A Page from Dante Alighieri’s Divina Commedia (Divine Comedy). Incunabula, c.1491

This is a single leaf from a late 15th-century or early 16th-century illustrated edition of Dante Alighieri’s Divina Commedia (Divine Comedy). Printed on both sides of the page.

Capturing the transition between Canto XII and Canto XIII of Purgatorio, where Dante and Virgil move from the First Terrace (the Proud) to the Second Terrace (the Envious).

Beyond the literary genius of Dante, several overlapping historical, typographic, and artistic details make this specific leaf fascinating:

The Dynamic Layout: Commentary "Swallowing" the Text

Notice how Dante’s actual poetic verses are printed in a larger, bolder typeface, while a denser, smaller text wraps completely around them.
In the early decades of printing (the incunabula era up to the early 1500s), printers adopted the layout of medieval manuscripts. Important classical or religious texts were rarely printed alone; they were surrounded by heavy scholarly commentary.

The commentary surrounding the text is almost certainly that of Cristoforo Landino, a massive figure of the Italian Renaissance. His Comento sopra la Comedia (first published in Florence in 1481) became the definitive Renaissance way to read Dante. The layout physically shows how Renaissance humanist scholarship literally framed the way readers consumed medieval vernacular poetry.

The Famous 1491 Venetian Tradition
The charming woodcut illustration on the first page is a hallmark of early Renaissance book illustration, specifically tracing back to Venice in the 1491 editions (printed by either Bernardino Benali/Matteo Capcasa or Petrus de Plasiis).

Early woodcuts don't just show a single snapshot; they show a continuous narrative within one frame. If you look closely at the woodcut, you can see Dante and Virgil appearing multiple times in the same scene—first standing at the bottom discussing the path, and then appearing higher up the mountain as they progress.
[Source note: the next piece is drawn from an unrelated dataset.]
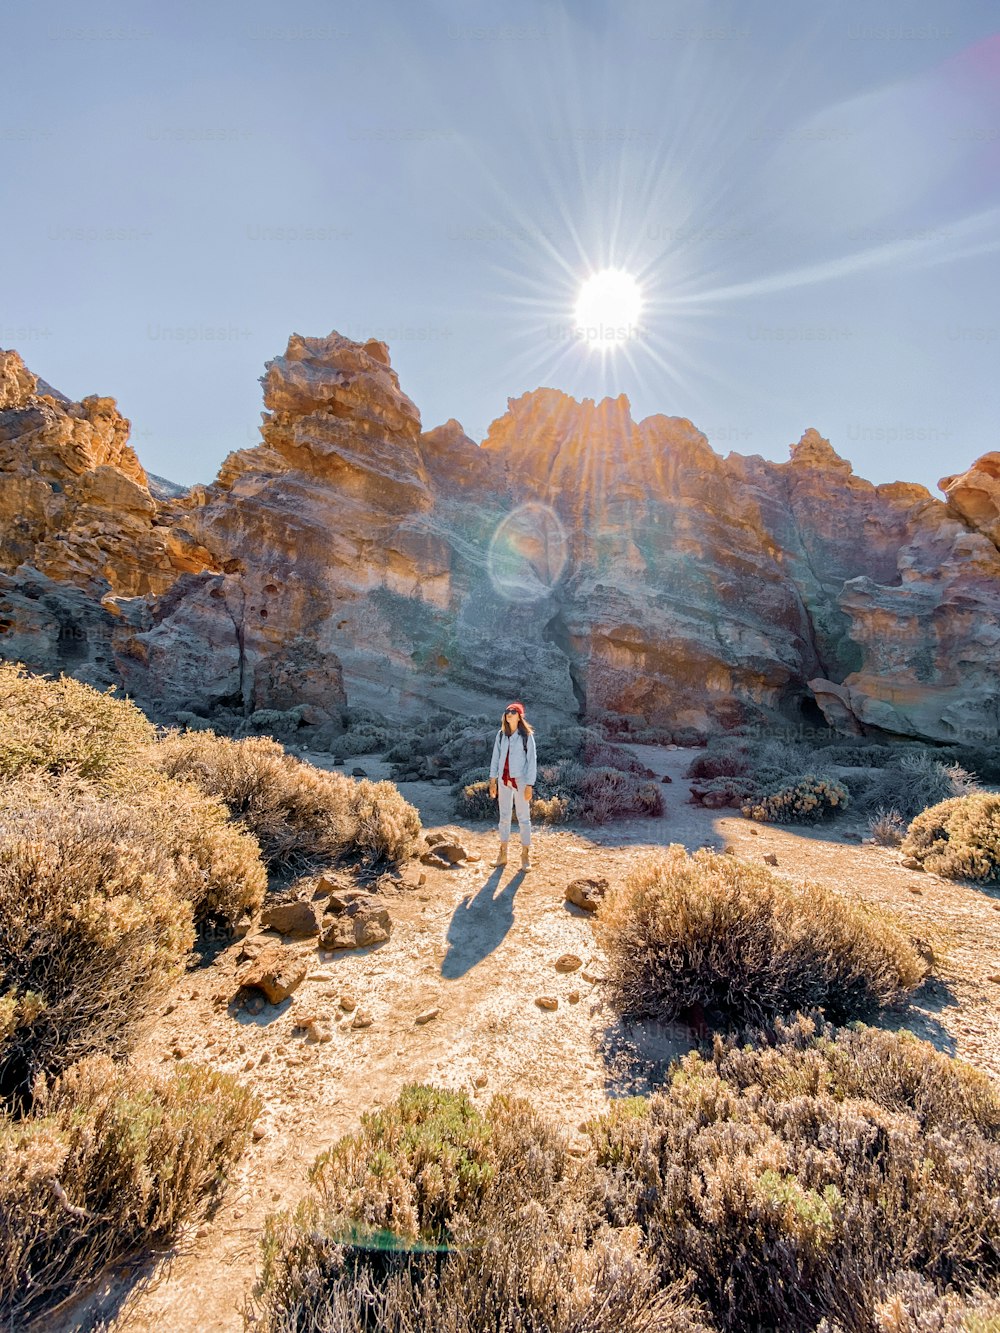 Paysage d’un beau rocher sur la vallée du désert avec une femme voyageant. Image réalisée sur un téléphone portable

On the first page, Dante is talking to an angel who brushes his forehead. In the narrative of Purgatorio, an angel carves seven "P"s (for Peccatum, sin) on Dante's forehead. At the exit of each terrace, an angel wipes one away. The text explicitly mentions Dante feeling lighter because one of the heavy sins has just been erased.

Catchwords and Gothic-Roman Hybridity
There are a couple of small production details that tell a story about the craftsmanship of the printer:

The "Signature" Letter: At the very bottom right of the second page, you can see a solitary lowercase "y". This is a signature mark used by the bookbinders to ensure the large printed sheets were folded and bound in the correct chronological order.

Marginal Summaries: The tiny blocks of text in the outer margins (e.g., "No puo lhuomo caminar dritto se lapetito pcede la ragione" — "Man cannot walk straight if appetite precedes reason") functioned as quick-reference summaries for readers before the invention of modern indices.

The Linguistic Transition

The text is printed in a wonderful Renaissance snapshot of the Italian language. It features typical early printing abbreviations (like using a tilde over a vowel, such as cōtītua, to replace an "m" or "n" to save horizontal space and keep the margins perfectly justified). It also mixes Latinate spellings (like using "ct" in delecto or fructo) with the evolving Tuscan vernacular that Dante himself championed.

It is a beautiful survival of the era when the printing press was actively transforming Dante from a regional Italian poet into a monumental, mass-produced classic of Western civilization.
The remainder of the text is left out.